Recruitment status was: Recruiting

Sponsor:

Collaborators:

Swiss National Science Foundation

Ministry of Health, France

Lady Davis Institute

Canadian Institutes of Health Research (CIHR)

Information provided by (Responsible Party):

Marc Righini, University Hospital, Geneva

ClinicalTrials.gov Identifier:

NCT00421538

First received: January 11, 2007

Last updated: May 27, 2015

Last verified: May 2015

History of Changes

Tracking Information

First Received Date ^ICMJE

January 11, 2007

Last Updated Date

May 27, 2015

Start Date ^ICMJE

January 2008

Estimated Primary Completion Date

May 2015 (Final data collection date for primary outcome measure)

Current Primary Outcome Measures ^ICMJE

Composite of rate of extension of distal DVT to proximal deep veins (includes ipsilateral extension or new contralateral proximal DVT) or symptomatic PE at 6 weeks [ Time Frame: 6 weeks ]
Rate of post-thrombotic syndrome (PTS) [ Time Frame: 1 year ]
Rate of post-thrombotic syndrome (PTS) diagnosed using the Villalta scale.

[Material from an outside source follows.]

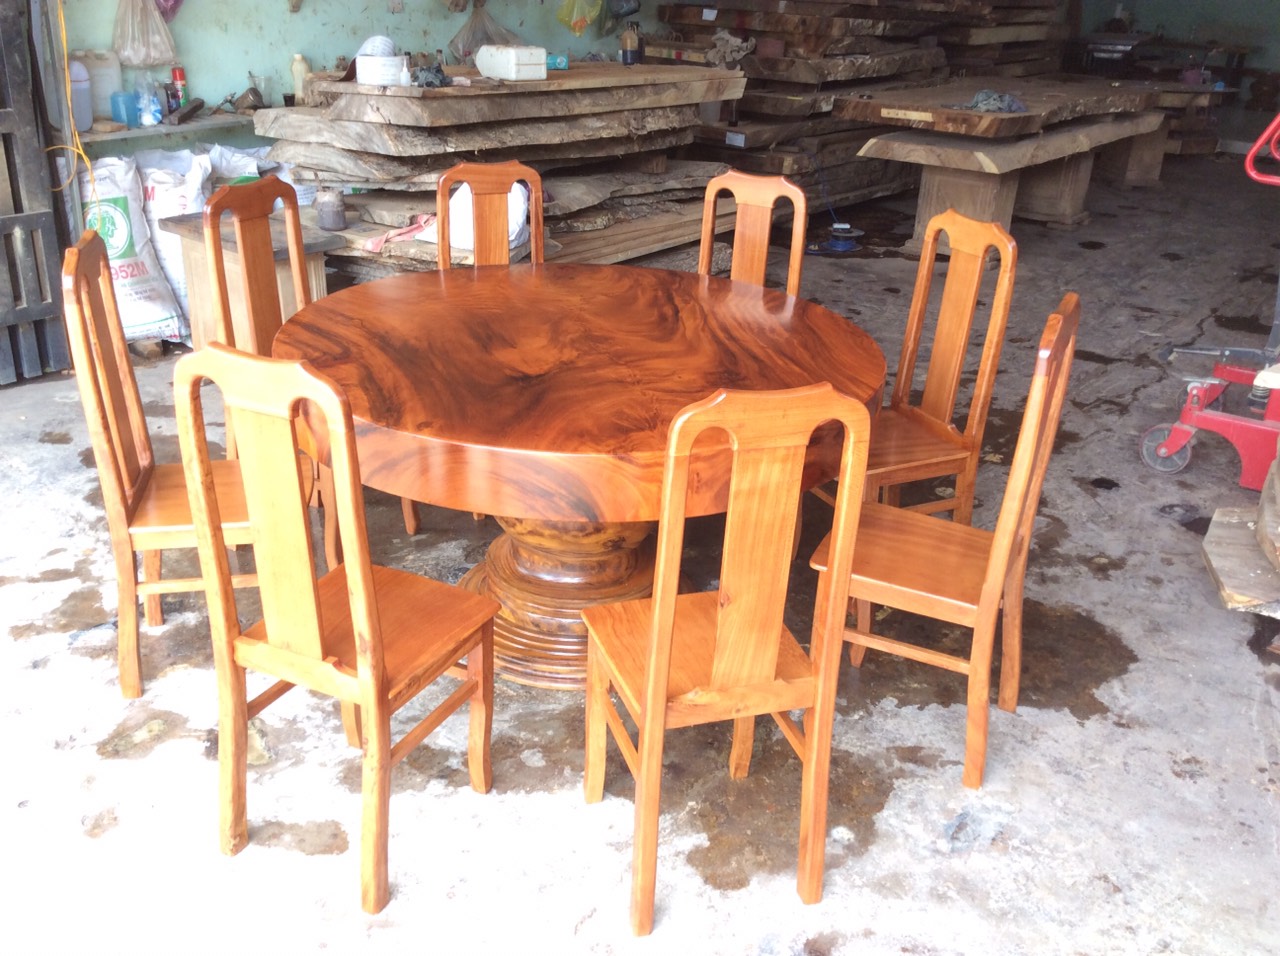 Xưởng sản xuất bàn tròn gỗ me tây nguyên tấm tại tphcm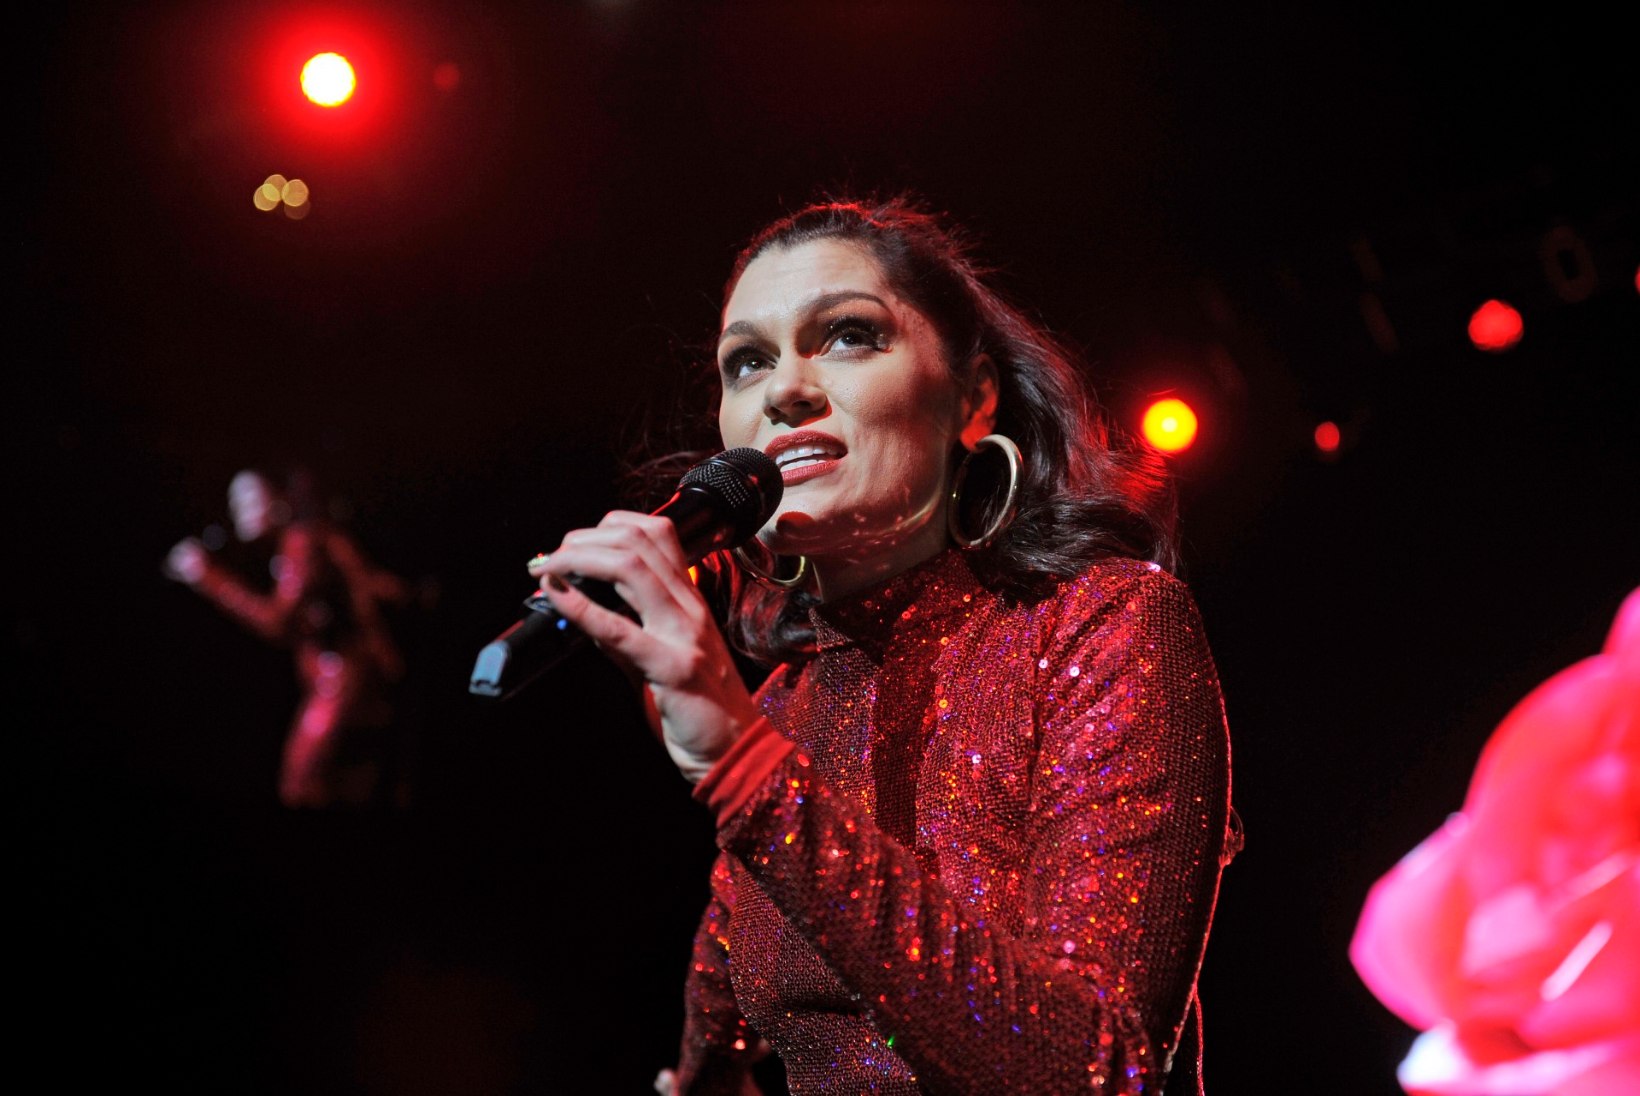 FOTO | Fännid vaimustuses: lauljatar Jessie J ei häbene tselluliiti

Original Primary Outcome Measures ^ICMJE

The main outcome will be the proportion of patients with extension of the thrombus
to the proximal veins in both arms of the study during the 6-weeks study period.

Change History

Complete list of historical versions of study NCT00421538 on ClinicalTrials.gov Archive Site

Current Secondary Outcome Measures ^ICMJE

Individual components of the composite endpoint: distal DVT extension to proximal veins at 6 weeks and 90 days; PE at 6 weeks and 90 days [ Time Frame: 6 weeks and 3 months ]
Major bleeding at 6 weeks and 90 days [ Time Frame: 6 weeks and 3 months ]
Death at 6 weeks and 90 days [ Time Frame: 6 weeks and 3 months ]
Serious adverse events at 6 weeks and 90 days [ Time Frame: 6 weeks and 3 months ]
Generic and venous disease-specific Quality of Life scores [ Time Frame: 1 year ]
PTS severity category [ Time Frame: 1 year ]
Can either be mild, intermediate, severe

Original Secondary Outcome Measures ^ICMJE

Secondary outcomes will be the rate of pulmonary embolism and of major bleeding.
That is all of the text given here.